The Willows Inn is located on a small island north of Bellingham, Washington, and is accessible via a five minute ferry ride, or a short ride via float plane from Seattle or Victoria, or any other number of places you can charter a float plane. By plane, you're delivered right onto the beach, just across the lane from the Inn. The Willows opened as boarding house in 1910 and retains the charm of the early 20th century's atmosphere. The original owners expanded by building several cottages, which served summer and winter guests for decades. The Willows Inn now owns several properties offering overnight or longer accommodations, but for us, the evening meal was paramount, and we weren't disappointed. While not an expert, I have eaten in very fine restaurants in many countries--we drove throughout France for the entire month of May, reserving every evening for fine dining in a country whose primary religion may, arguably, be food and dining.
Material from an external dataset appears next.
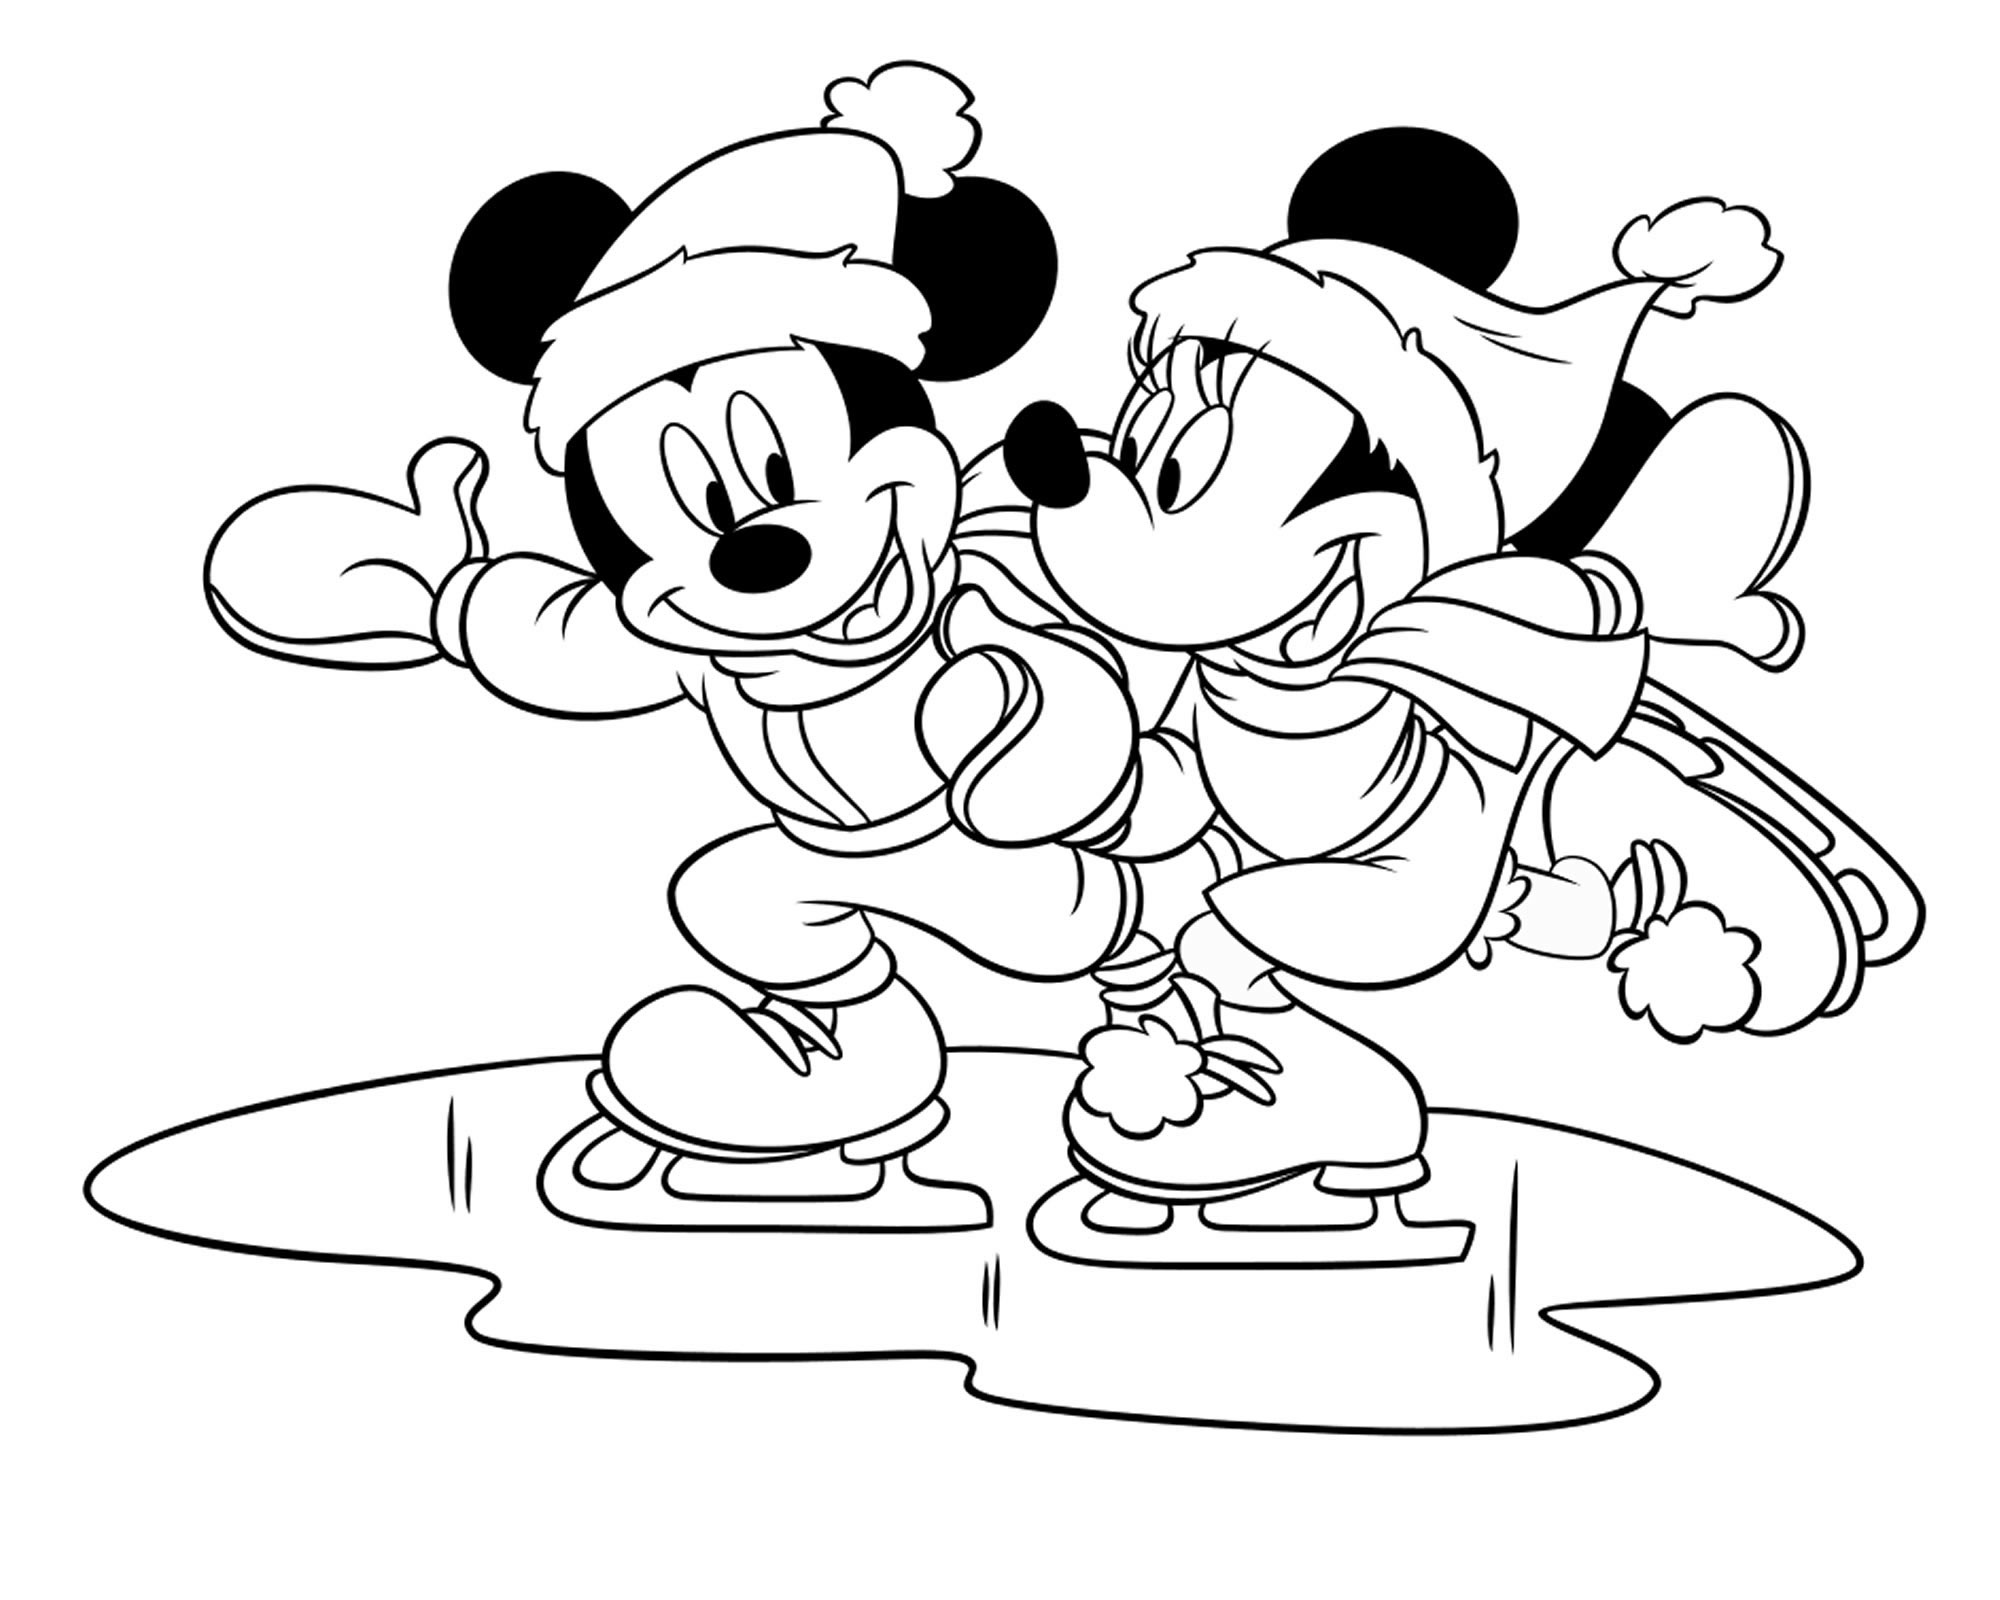 Микки и Минни на коньках раскраска для детей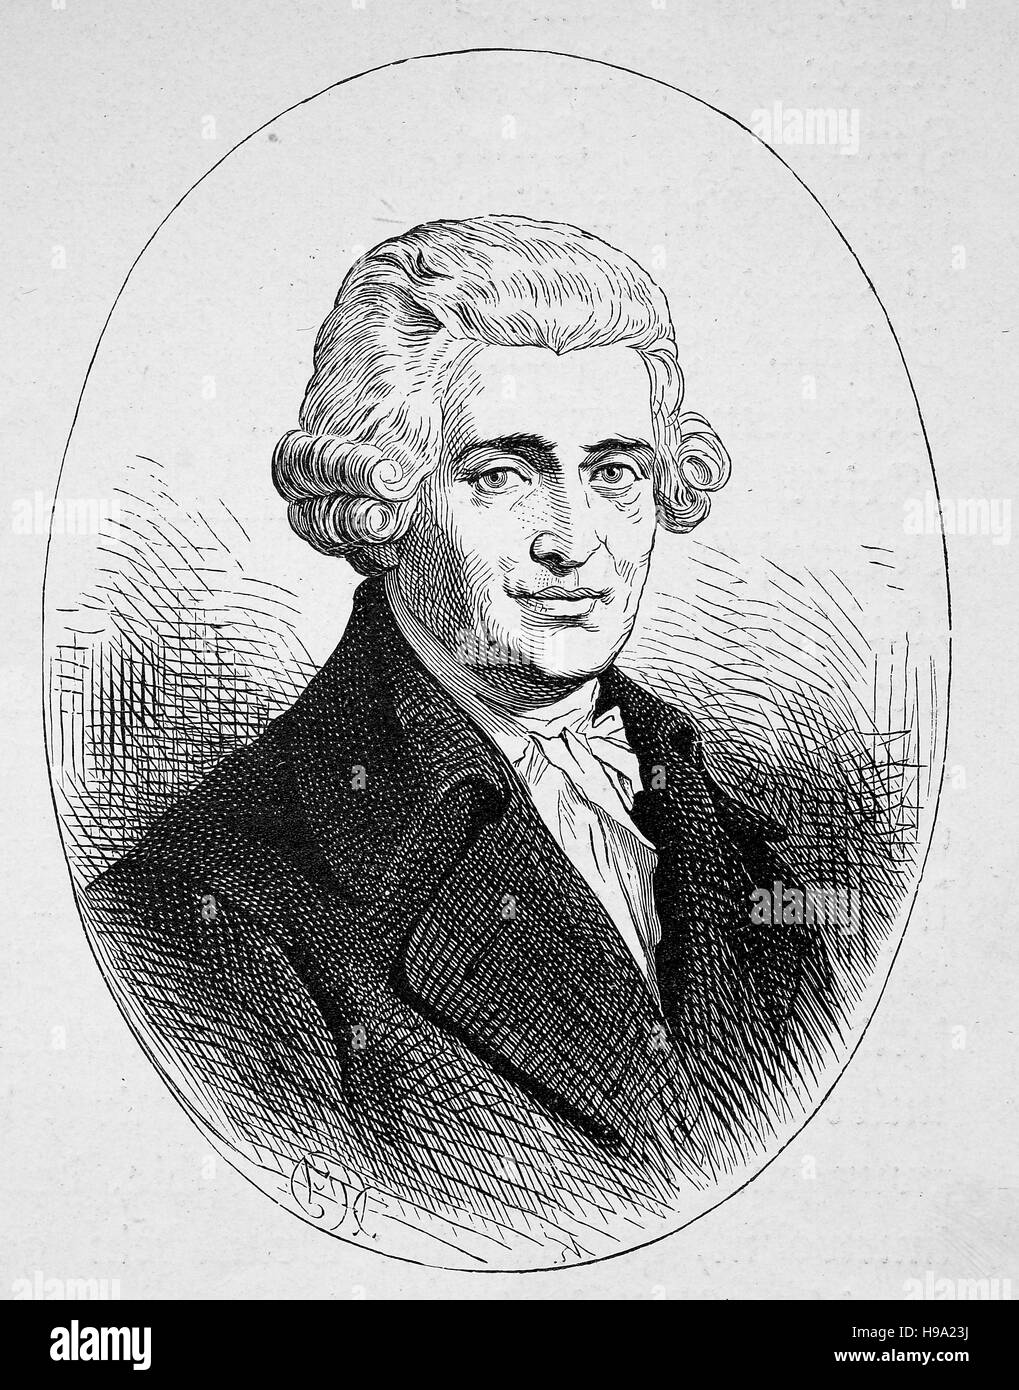 Franz Joseph Haydn, 31 marzo 1732 - 31 maggio 1809, fu un prolifico compositore austriaco del periodo classico, illustrazione storico Foto Stock

Nowhere did we experience the flavors, the combinations, or the beauty and original presentations that we enjoyed at The Willows Inn. Chef Blaine Wetzel is nationally recognized as one of the very best, and he utilizes, almost entirely, products grown locally--with the exception of two wines for that evening. We prefaced the meal with a wonderful cocktail from Spyhop distillery on San Juan Island. Although several courses were implied, Wetzel's preference for serving "snacks" presented us with seventeen different servings, from baked sunflower root, or a tiny crispy crepe with salmon roe to grilled caramelized onions or perhaps the tastiest smoked salmon I have ever eaten. Ever. Each dish was paired with a wine, though you can also pair your fare with various juices. Wine pairings suggest that you have a room for the night because the wine and a three hour meal would keep a prudent driver from the streets. The overnight benefit, besides a comfortable room or cottage, includes a superb breakfast, also prepared by Chef Wetzel.
Whether you drive of fly, you'll not forget this meal.